■ **Brief**: Whatever lies between the line with "1999 Pokemon PORTUGUESE" and the end of the data, both included, must be copied exactly and without pictures.

■ **Data below**:
-------

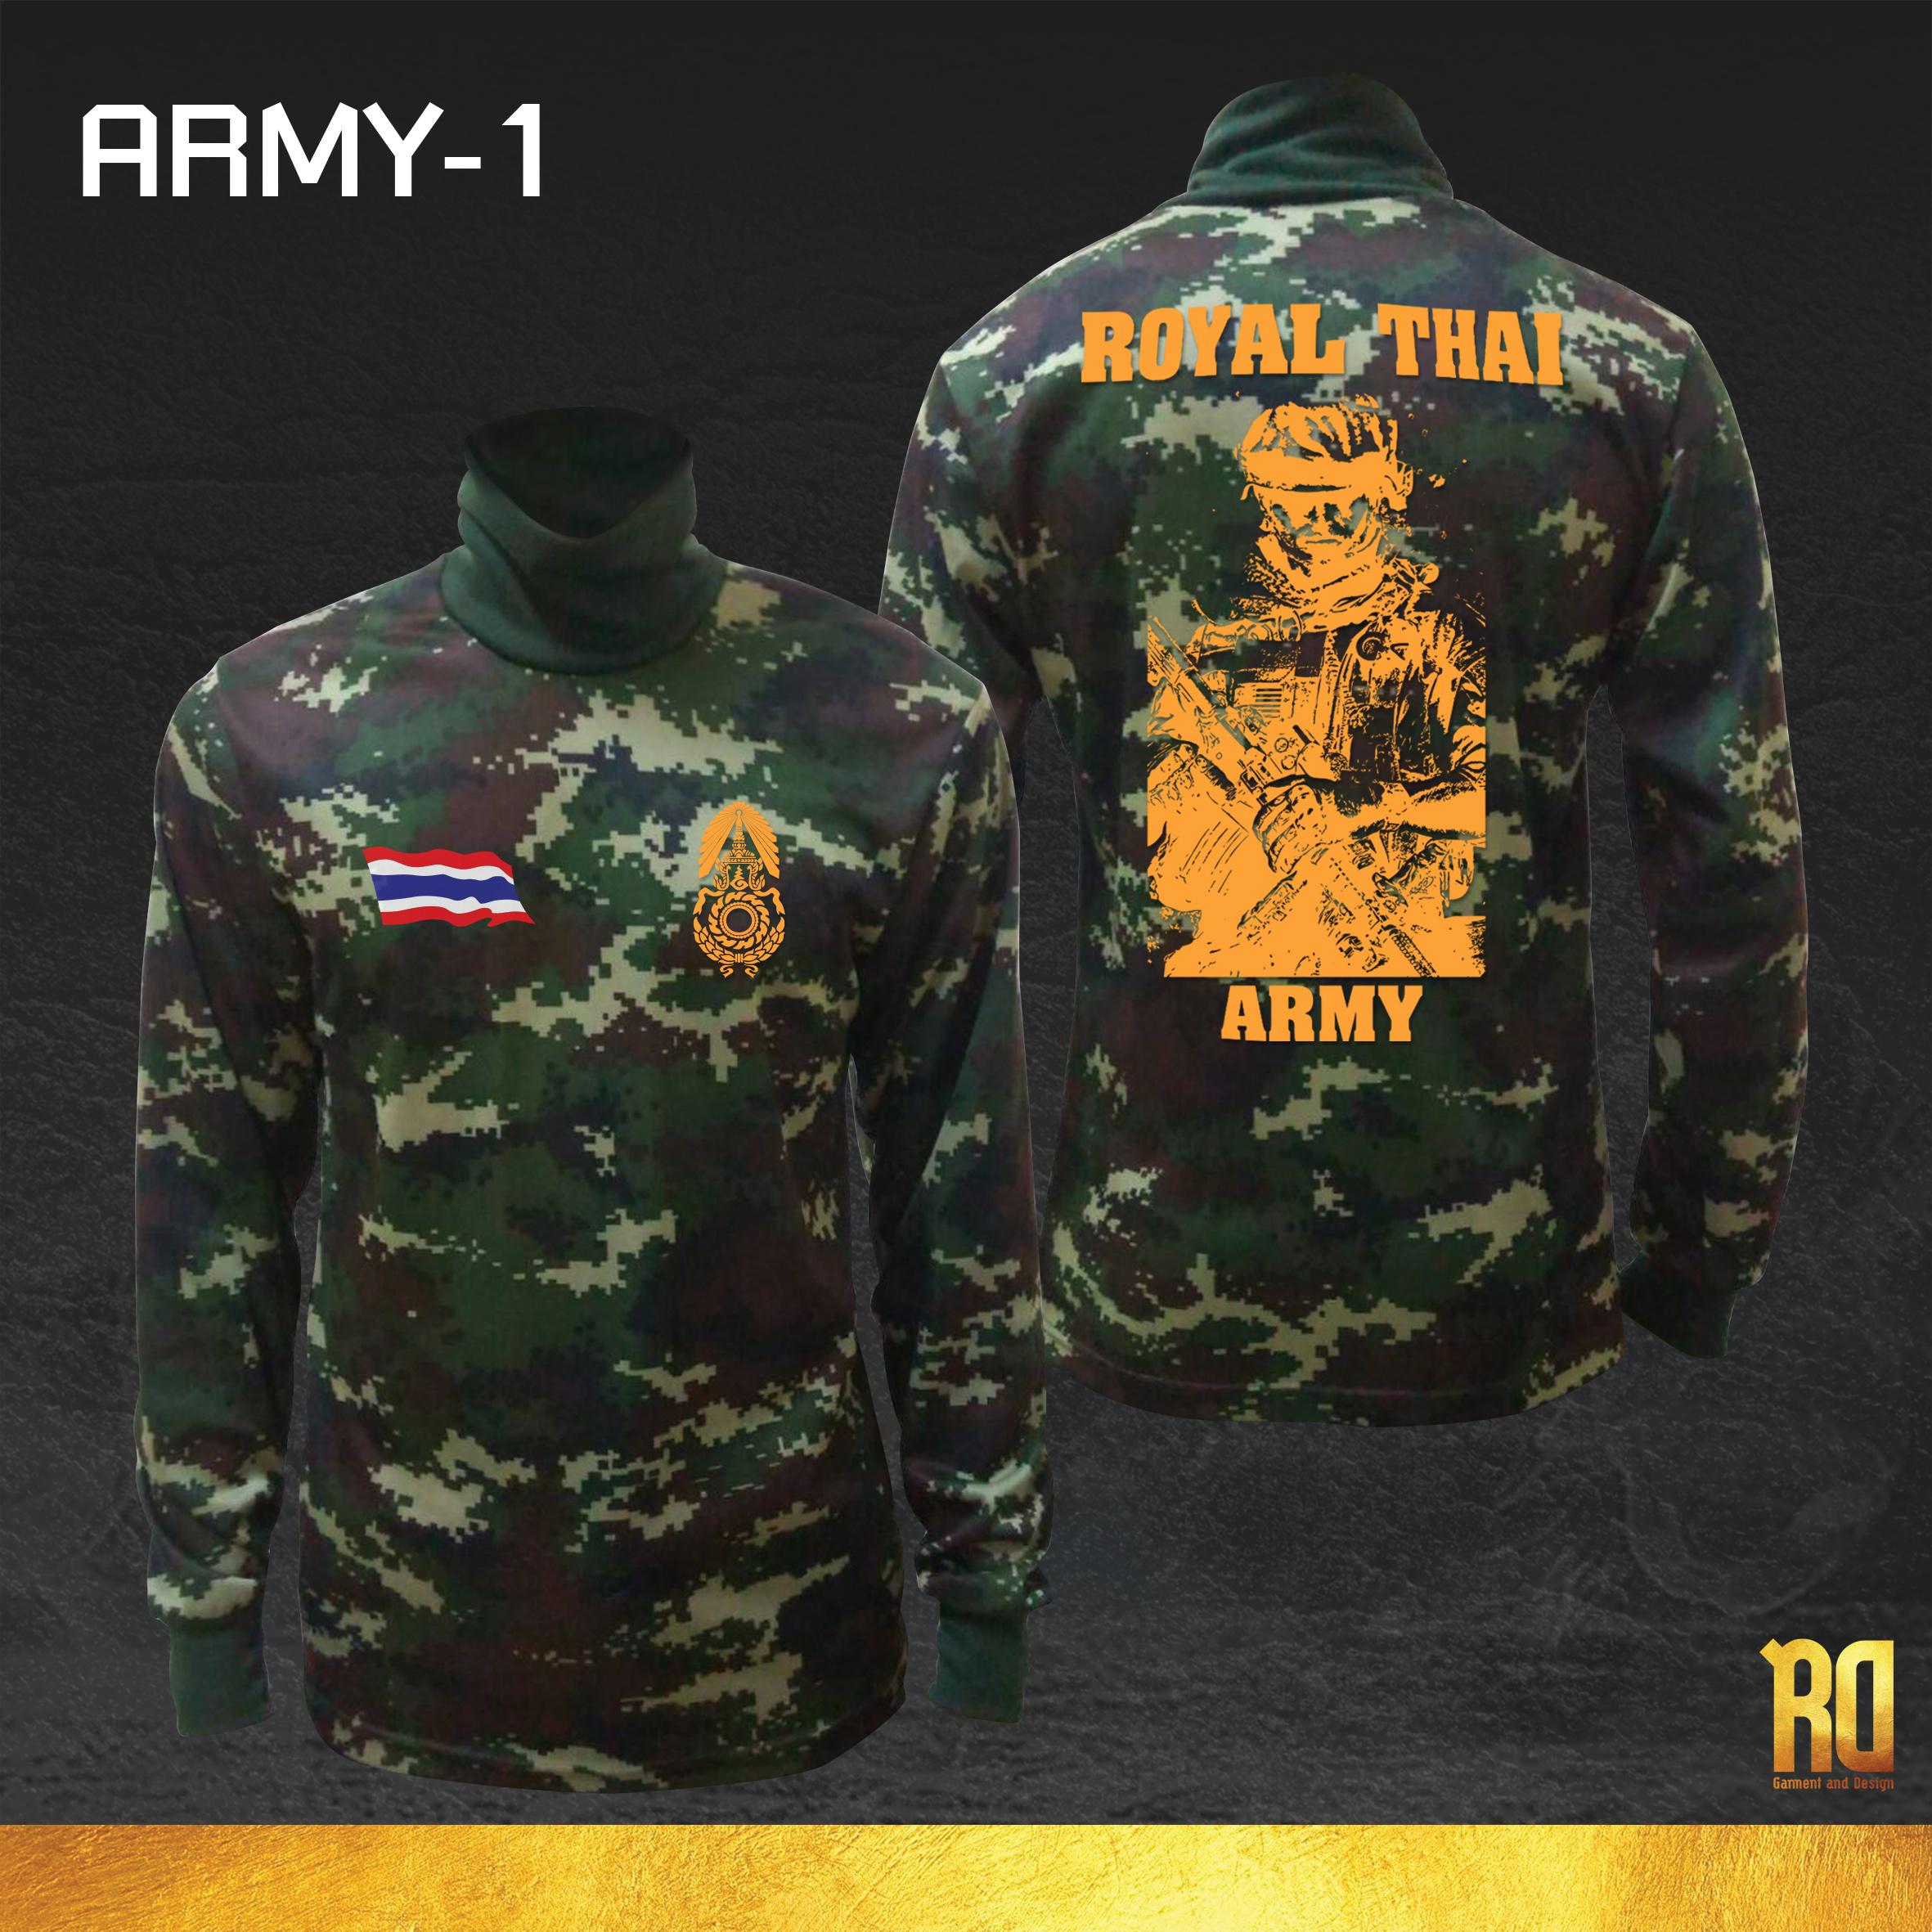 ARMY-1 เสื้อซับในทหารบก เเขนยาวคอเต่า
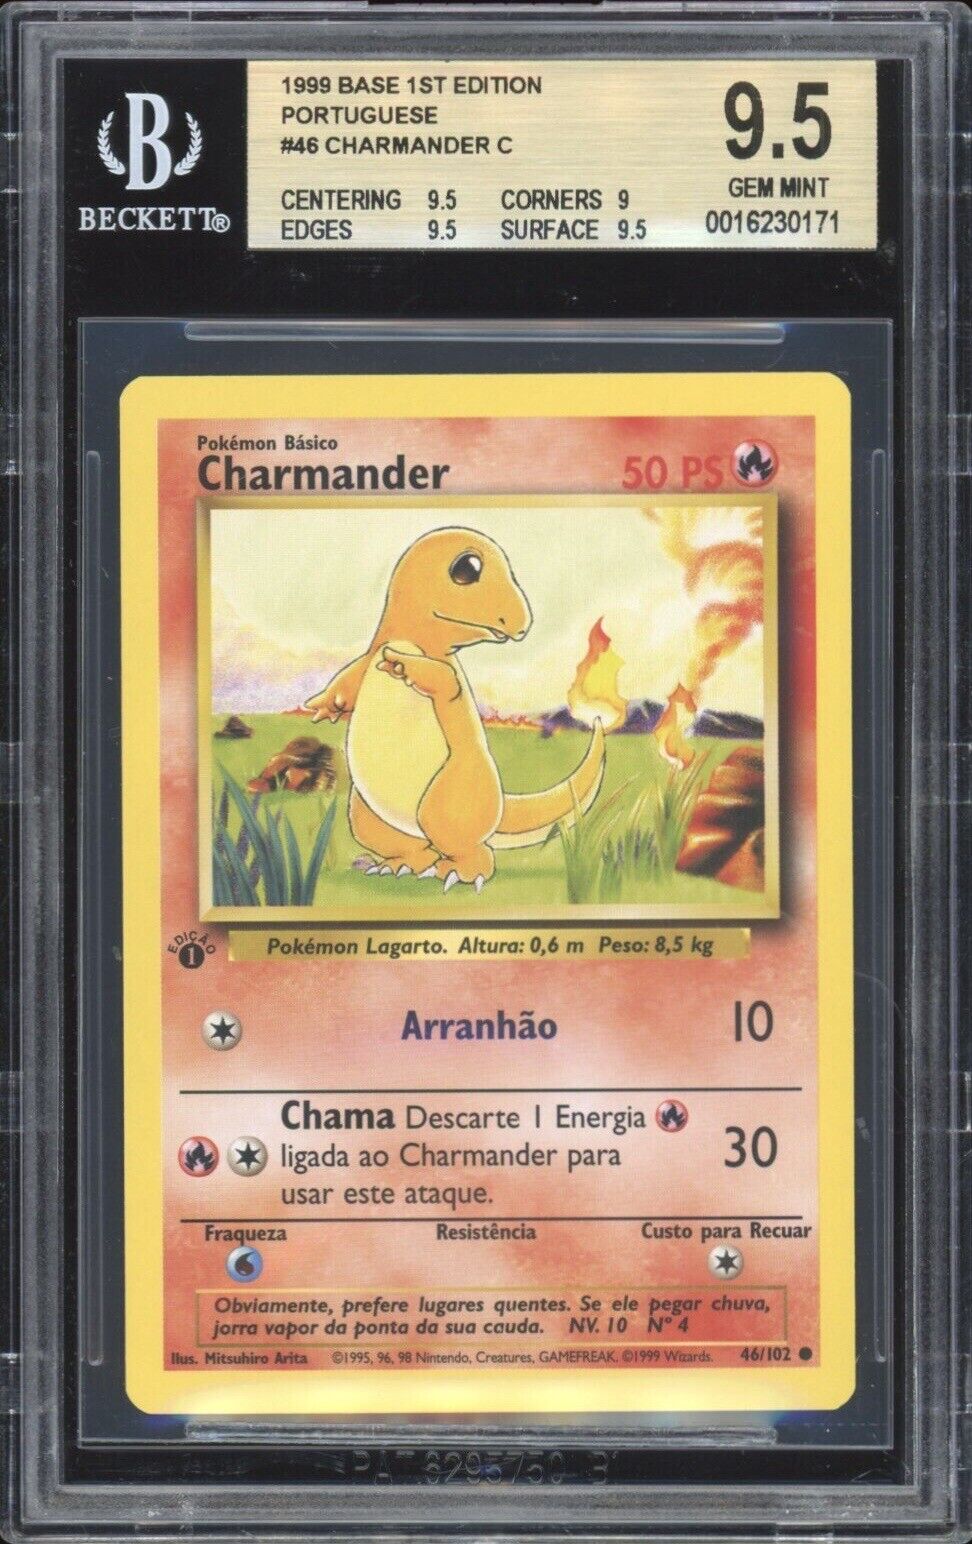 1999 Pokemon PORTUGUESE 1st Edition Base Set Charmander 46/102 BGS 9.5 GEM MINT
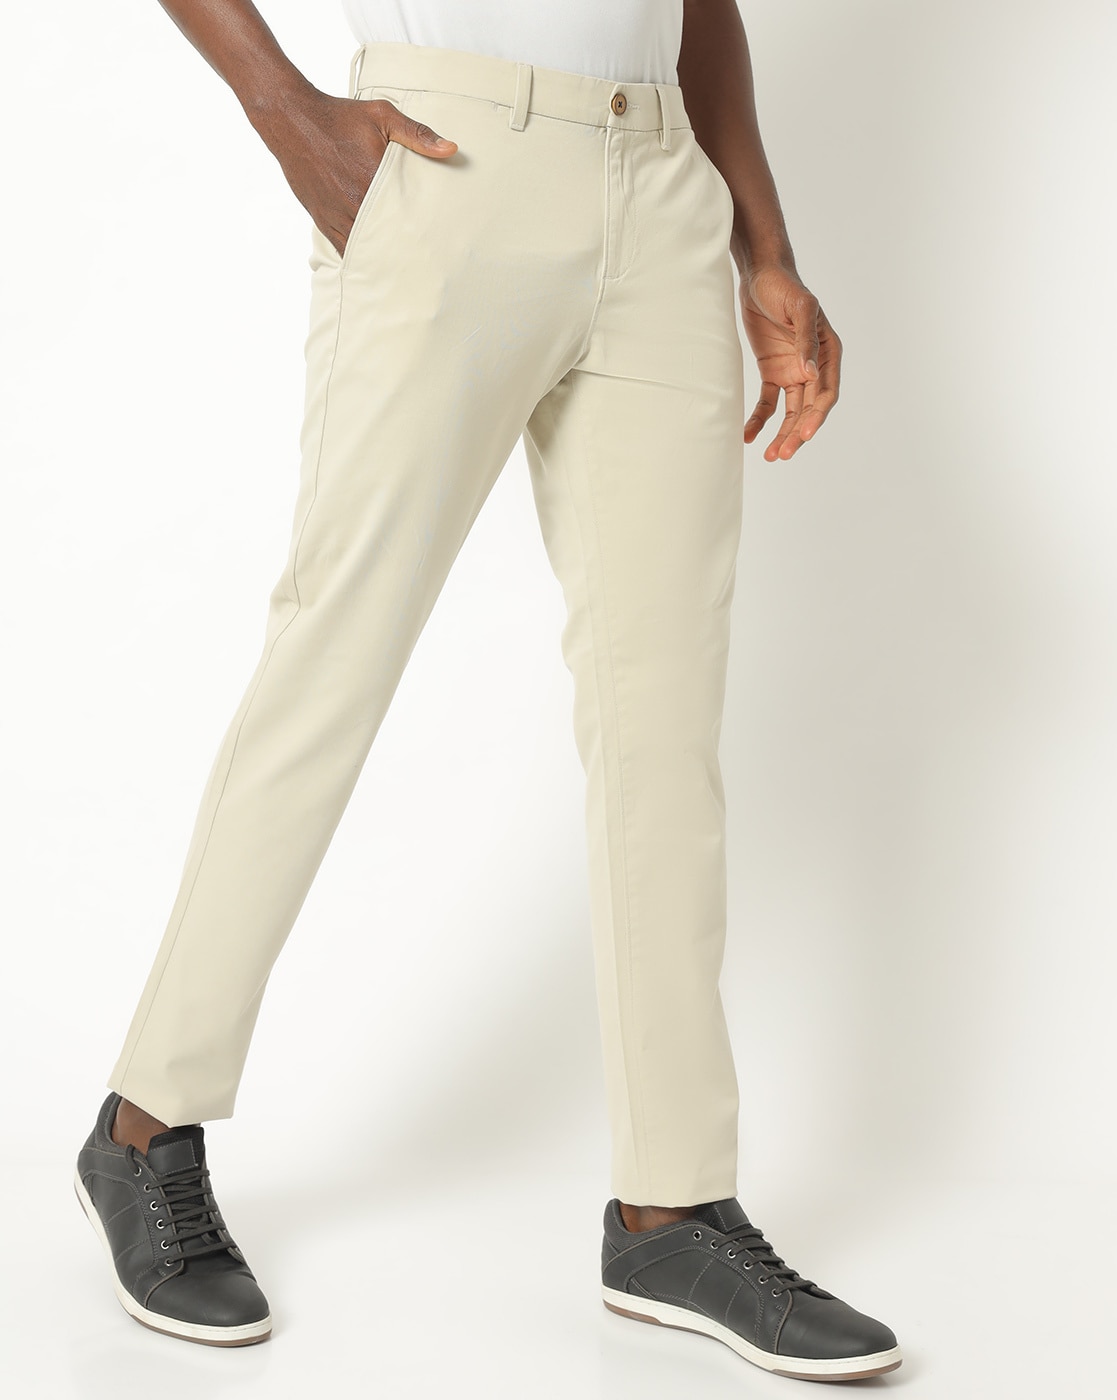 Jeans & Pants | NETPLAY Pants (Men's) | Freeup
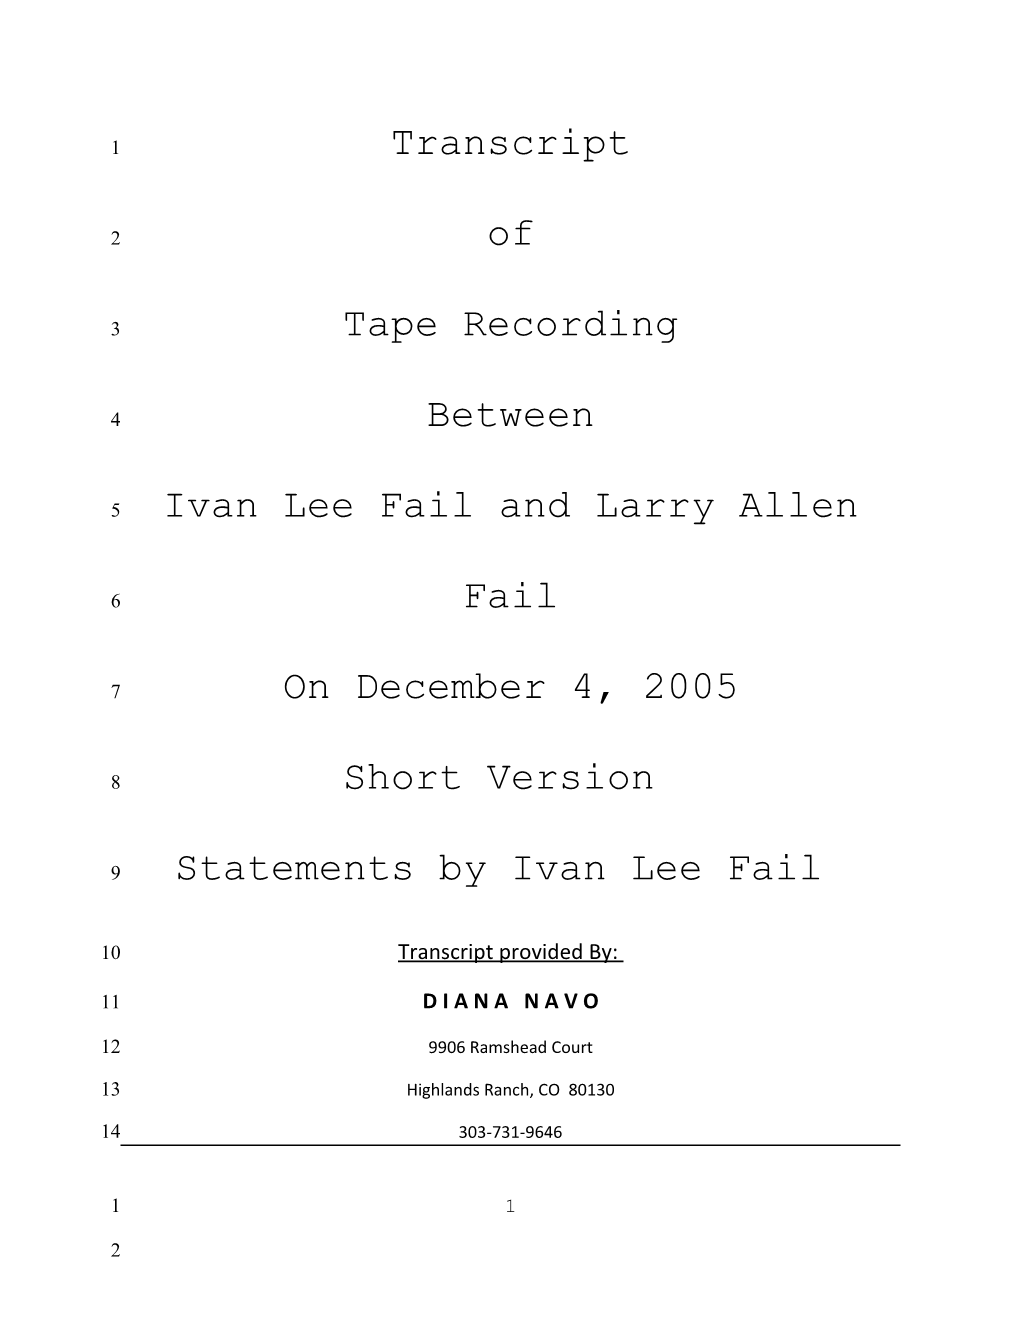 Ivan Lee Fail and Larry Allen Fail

-------

■ **Answer for the task**:
 1999 Pokemon PORTUGUESE 1st Edition Base Set Charmander 46/102 BGS 9.5 GEM MINT
 Jeans & Pants | NETPLAY Pants (Men's) | Freeup
 Ivan Lee Fail and Larry Allen Fail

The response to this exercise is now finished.